Mr. Su’a said their family members called the Police but 45 minutes passed without response.

“We called again but the person that answered was very rude on the phone, they should not treat us elderly that way," Mr. Su'a alleged.

“I am not trying to bad mouth the Police; I am a concerned citizen calling for [the] Police to improve their services in terms of responding to the needs of the community especially around crimes."

Mr. Su'a further said the Police practice of not dusting for fingerprints was likely to frustrate investigations.

"How are they going to catch or pin point the culprit because fingerprints at the crime scene are the clear evidence," he said.

The 76-year-old said he was advised by Police to file a criminal complaint the next day.

“But I asked them who will the complaint be against?," he said. “I went to the Police station last Monday and made a statement.

“I started to question the process of their investigations. I am suggesting to [the] Police to invest in having the [equipment for] collecting fingerprints be available during police investigations.”

He also said that Police told him that they would not investigate if he did not file a criminal complaint but without an identified perpetrator he said it was unclear whom it should be lodged against.

“Will they just do nothing after a crime was committed or what if someone is hurt?,"he said.

“What really scared me on Sunday night was that when I entered my home there was a knife on the chair near the door yet that knife was in our kitchen when we left. For the safety of the community, equipment should be put in place and have people train as experts in the field that is needed.”

The father-of-four also expressed his fear of sleeping at night since the incident.
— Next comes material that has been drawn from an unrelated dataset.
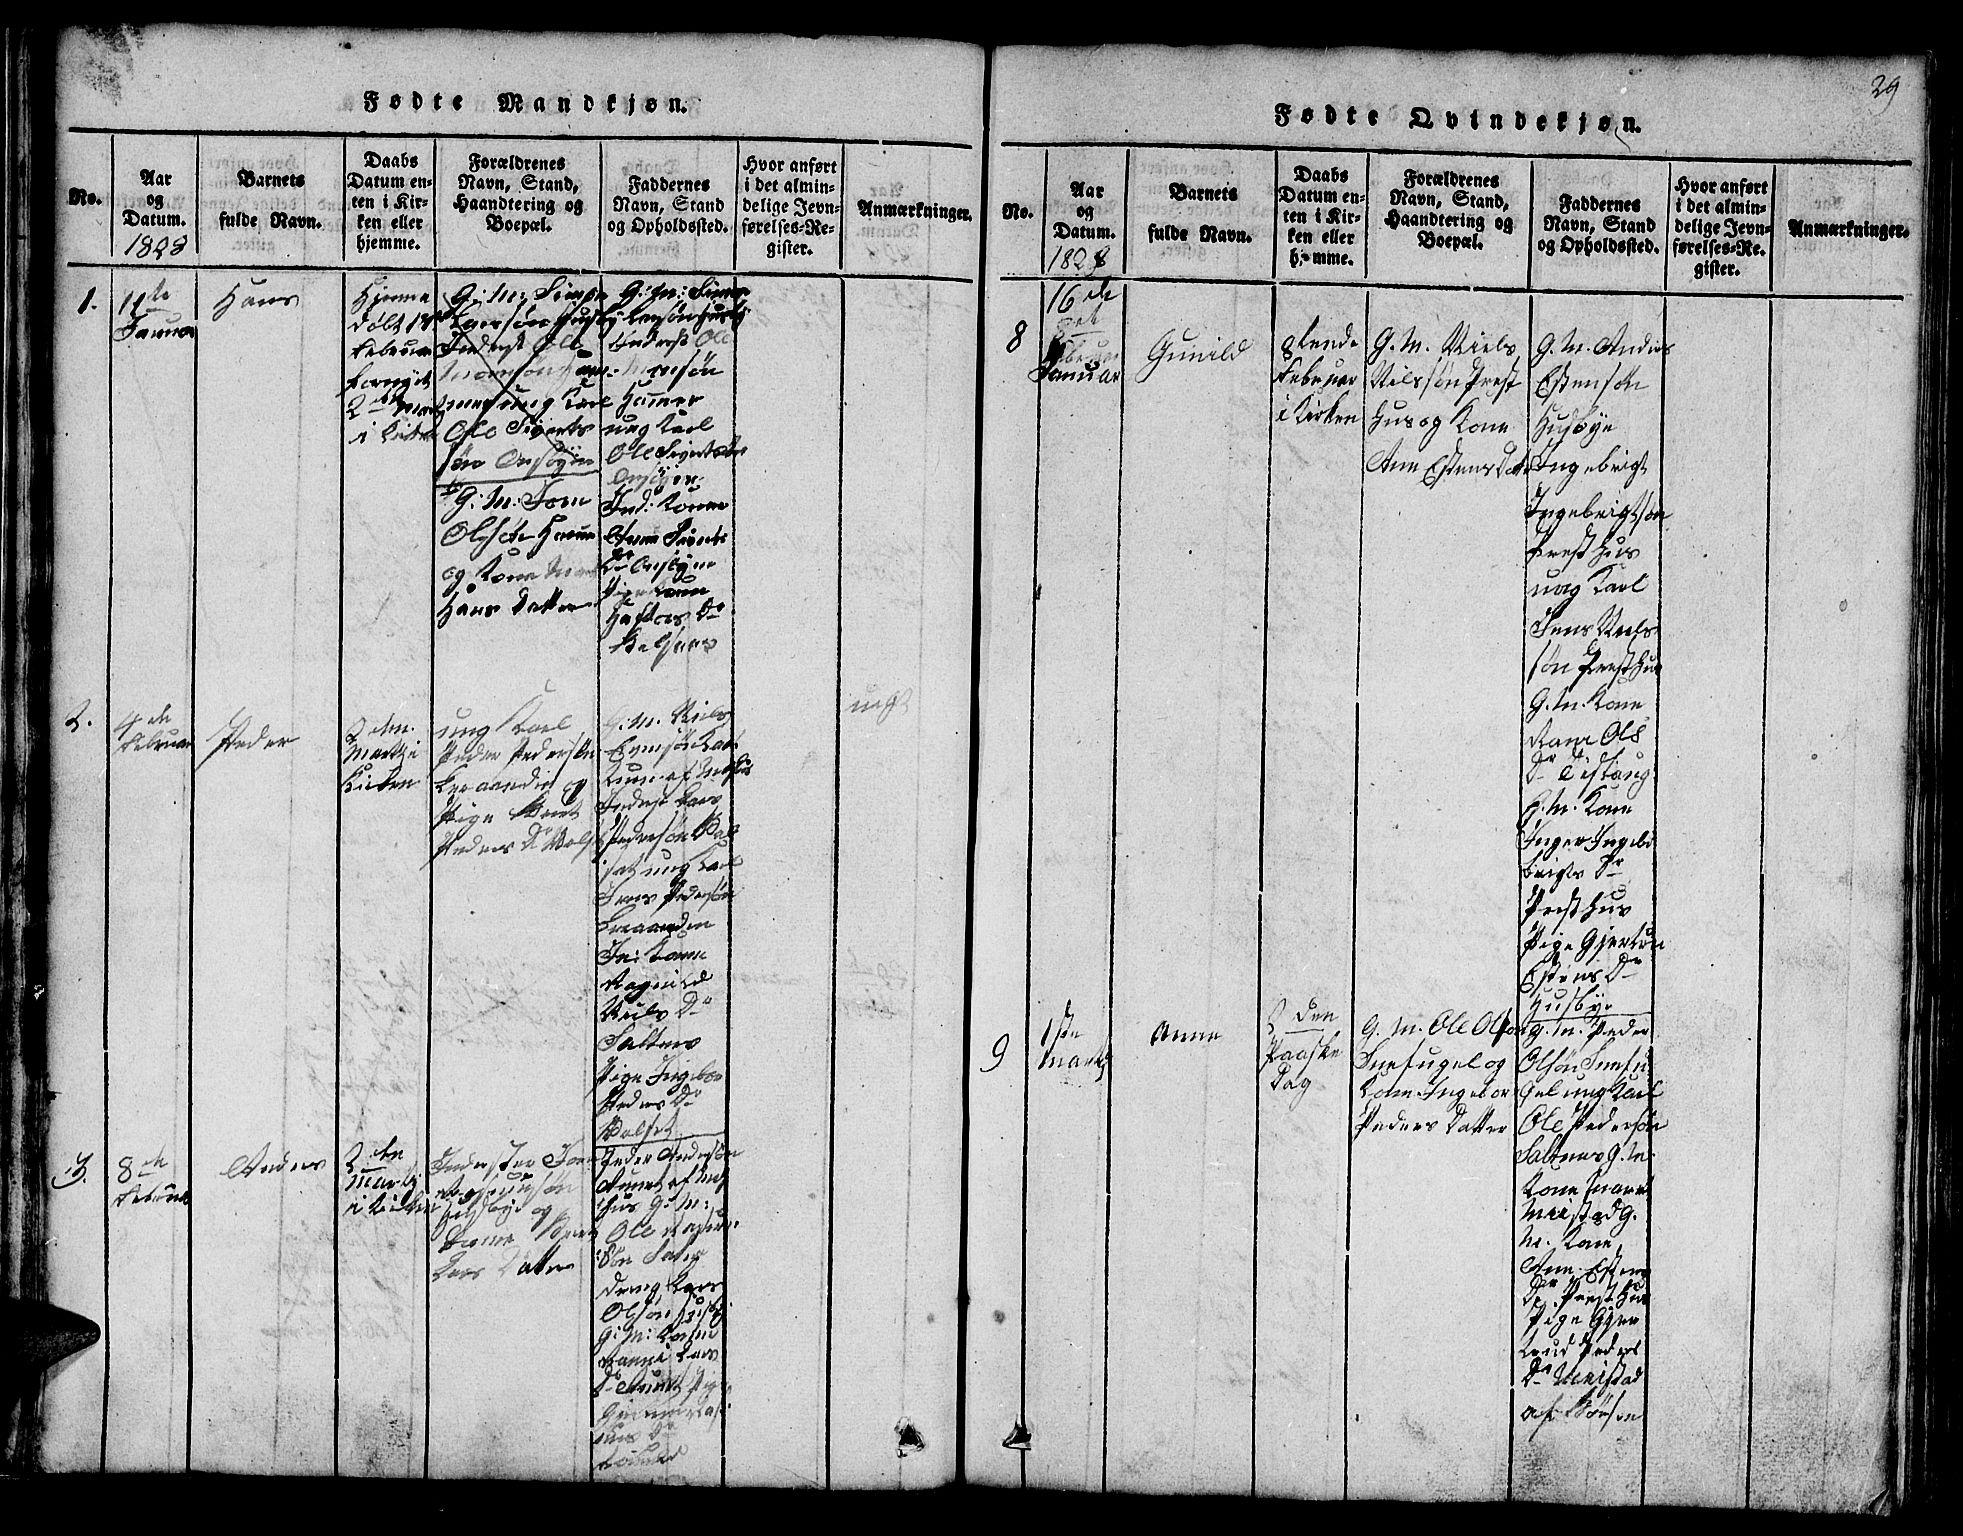 SAT, Ministerialprotokoller, klokkerbøker og fødselsregistre - Sør-Trøndelag, 666/L0788: Klokkerbok nr. 666C01, 1816-1847, s. 29

“Even though I pay for a security guard for protection, it does not make me safe and I feel like I am losing confidence in the Police.," Mr. Su'a said. “My [motive in raising this matter] is not to damage the image of the Police; no, I just wanted to voice my frustration so that they can improve their services in responding to calls from the public.

“There have been claims that the [cases]  of vandalism amid the community have increased. And now when I sleep, I hold onto a light powered by batteries to defend myself in case of a break in.”

Mr. Su’a added that in a situation where someone was injured and Police were slow to arrive on the scene, the public would feel legitimate concerns for its safety.

“Before the vandalism occurred, there have been quite a lot of incidents [at my home]

"Cash worth $700 was taken and [during a ...] period of three months I have had four phones stolen.

"I suspect that the people behind this are familiar with us."

Multiple requests for comment about the incident made to the Police Ministry via phone calls and emails have not been responded to over the past three days.